Brno-Židenice is a city district in Brno, Czech Republic, located east of the city's historical center. It consists of the eastern part of the municipal part and cadastral territory of Zábrdovice and most of Židenice. Its total area is 5.05 km^{2}. The city district was established on November 24, 1990, its office is located in Židenice. Over 22,000 people live here.

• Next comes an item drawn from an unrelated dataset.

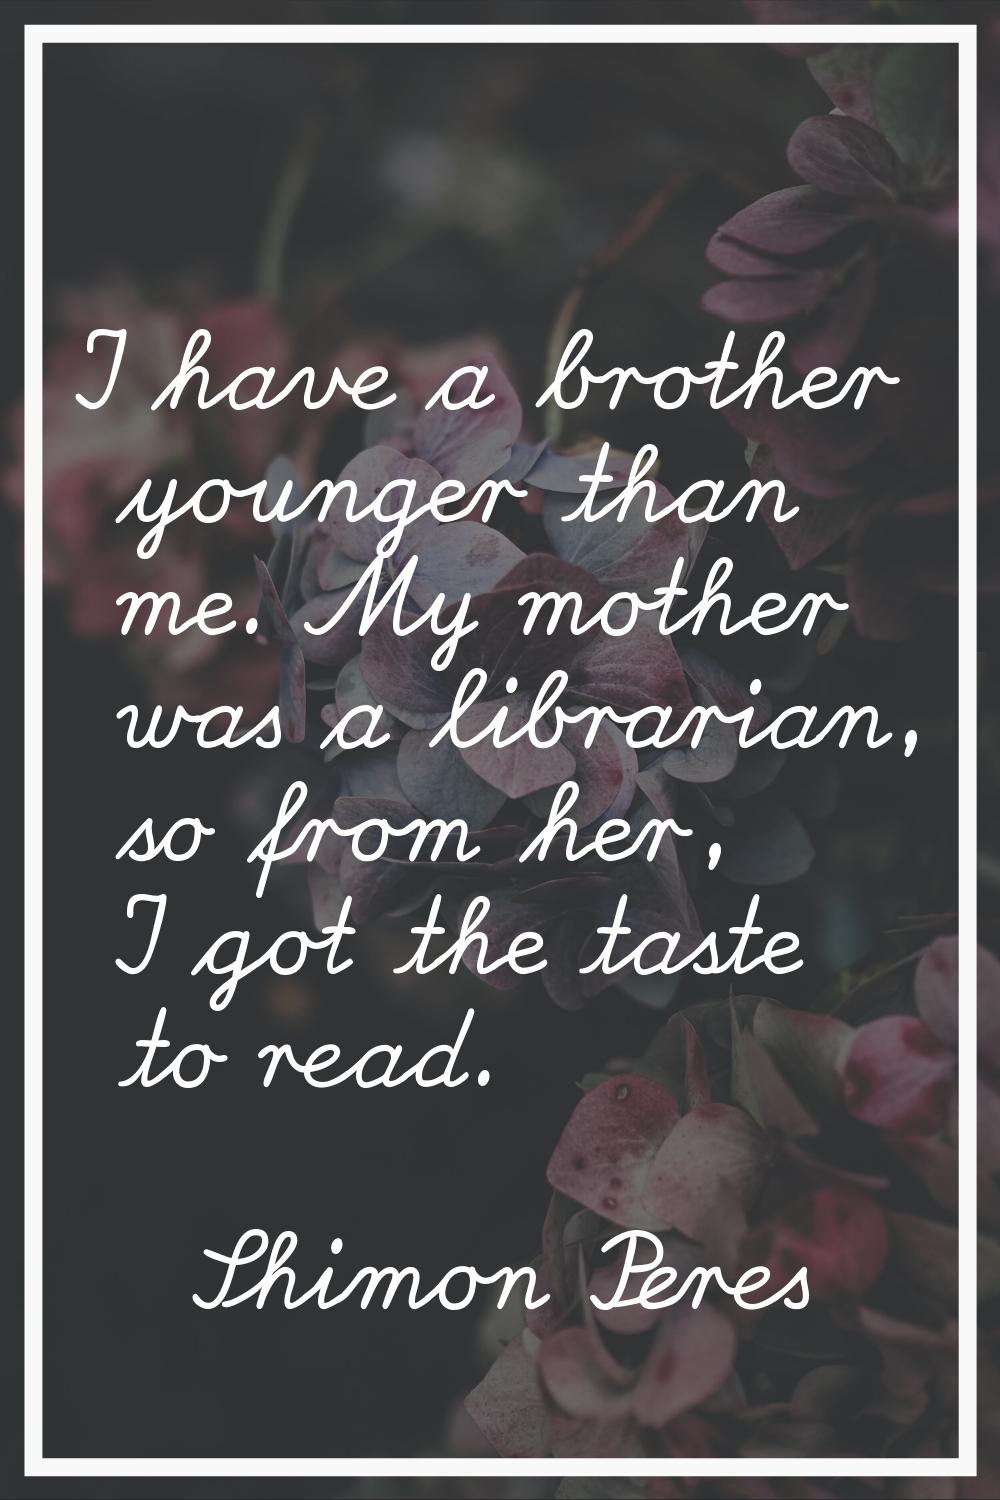 I have a brother younger than me. My mother was a librarian, so from her, I got the taste to read.
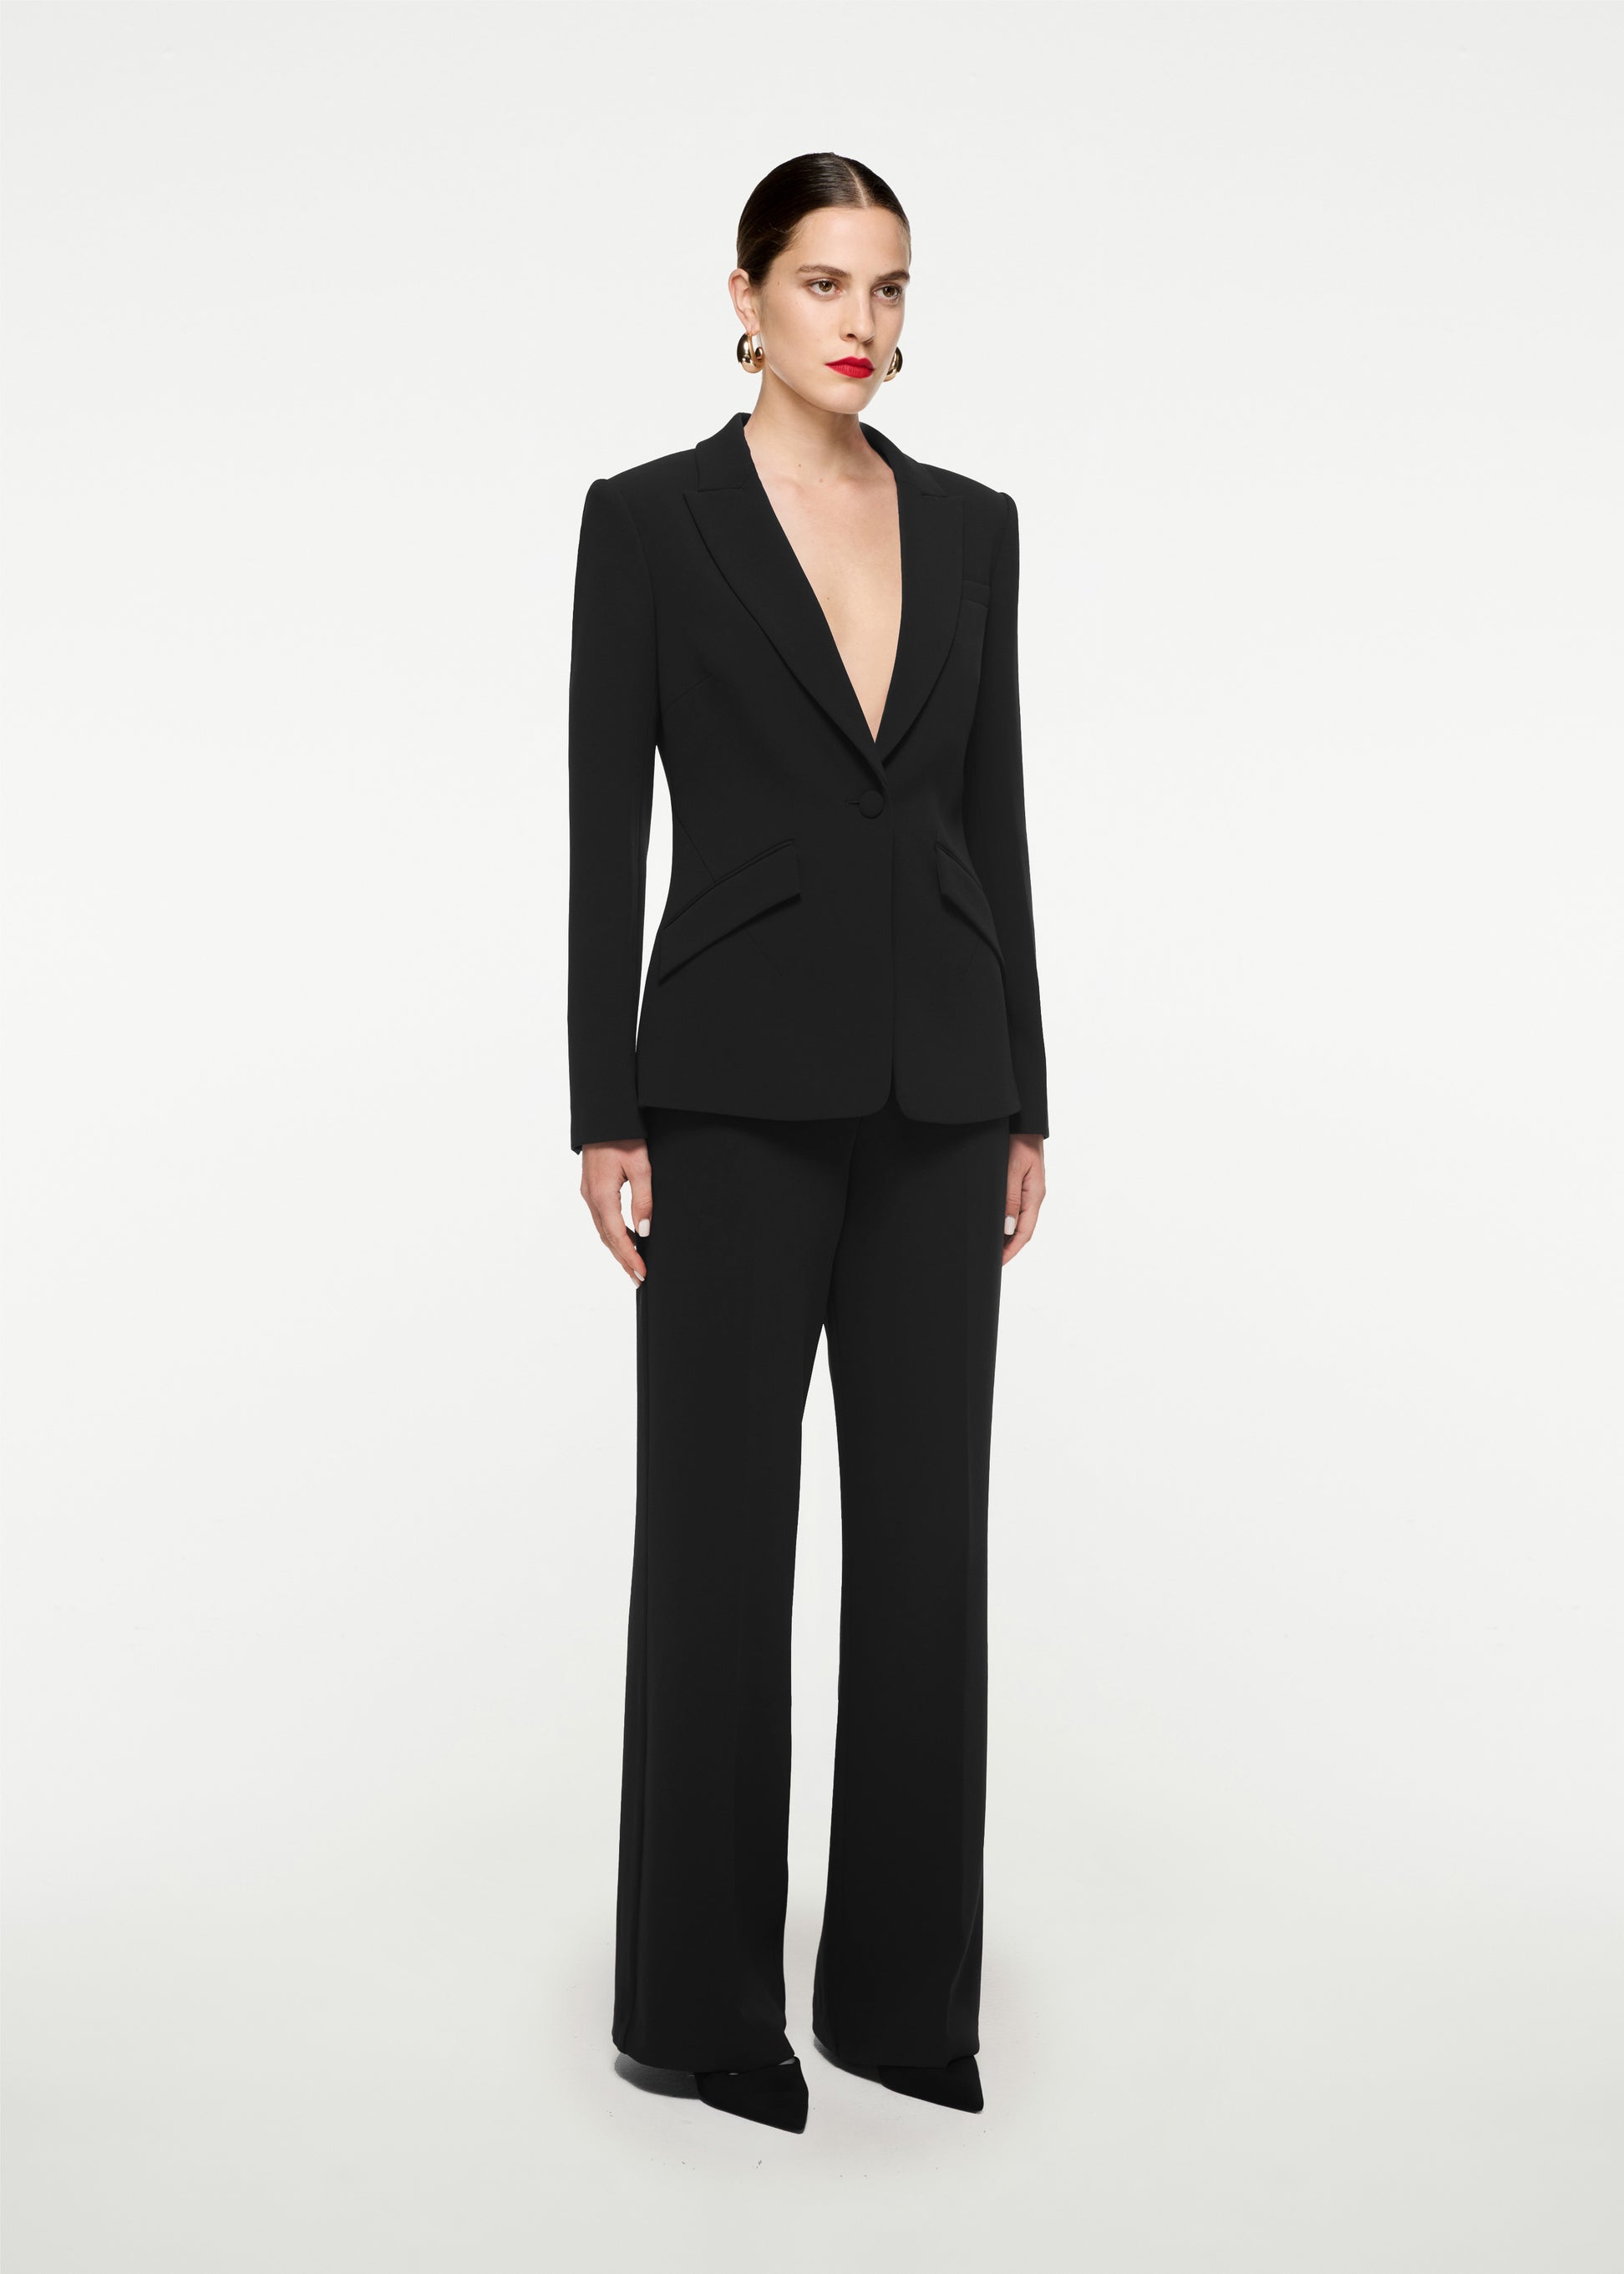 Woman wearing the Single Breasted Stretch Cady Blazer in Black

For the purposes of the senate elections, Brno-Židenice is included in electoral district number 58 of Brno-City District.

== History ==
The first written reports about Židenice are from the beginning of the 13th century. The Until 1784, Židenice and Zábrdovice were the property of the Zábrdovice monastery. In 1786, the settlement of Juliánov was established on the land of the abolished Julia court, which belonged to the Zábrdovice monastery until 1784, in the area of today's Vančura Street, which became an independent municipality in 1787; however, it continued to form part of the cadastral territory of Židenice. On July 6, 1850, Zábrdovice was annexed to Brno, while Židenice and Juliánov were united in the same year into a single municipality of Židenice, with Juliánov having its own councellor. Due to problems with the administration, in 1867, under the pressure of the Juliánov chronicler Filip Lang, Juliánov became independent, but its territory continued to form part of the cadastral territory of Židenice. At the beginning of the 20th century, the northernmost houses of the then independent village of Černovice were built in the south of the territory of the modern Brno-Židenice district, reaching as far as the southern side of Židenice's Táborská street (Životského, Jeronýmova, Porhajmova streets). On April 16, 1919, most of the territory of the modern city district was annexed to Brno, including the then municipalities of Juliánov, Židenice and the cadastral territories of Černovice and Maloměřice, while from 1920 until the establishment of the Protectorate of Bohemia and Moravia, these 4 former municipalities had their own local committees within Brno limited powers. During the period of the First Republic, there was a complete fusion of the buildings in Židenice and Juliánov. In the years 1922–1930, electrification was carried out in Juliánov and Židenice, and in 1925, health-safe water began to be supplied to houses. In 1929, the borders with Zábrdovice, Husovice and Maloměřice were adjusted, when Zábrdovice was slightly expanded at the expense of Židenice. The borders of Židenice were further adjusted during the first cadastral reform of Brno in 1941, when the border with Zábrdovice was corrected.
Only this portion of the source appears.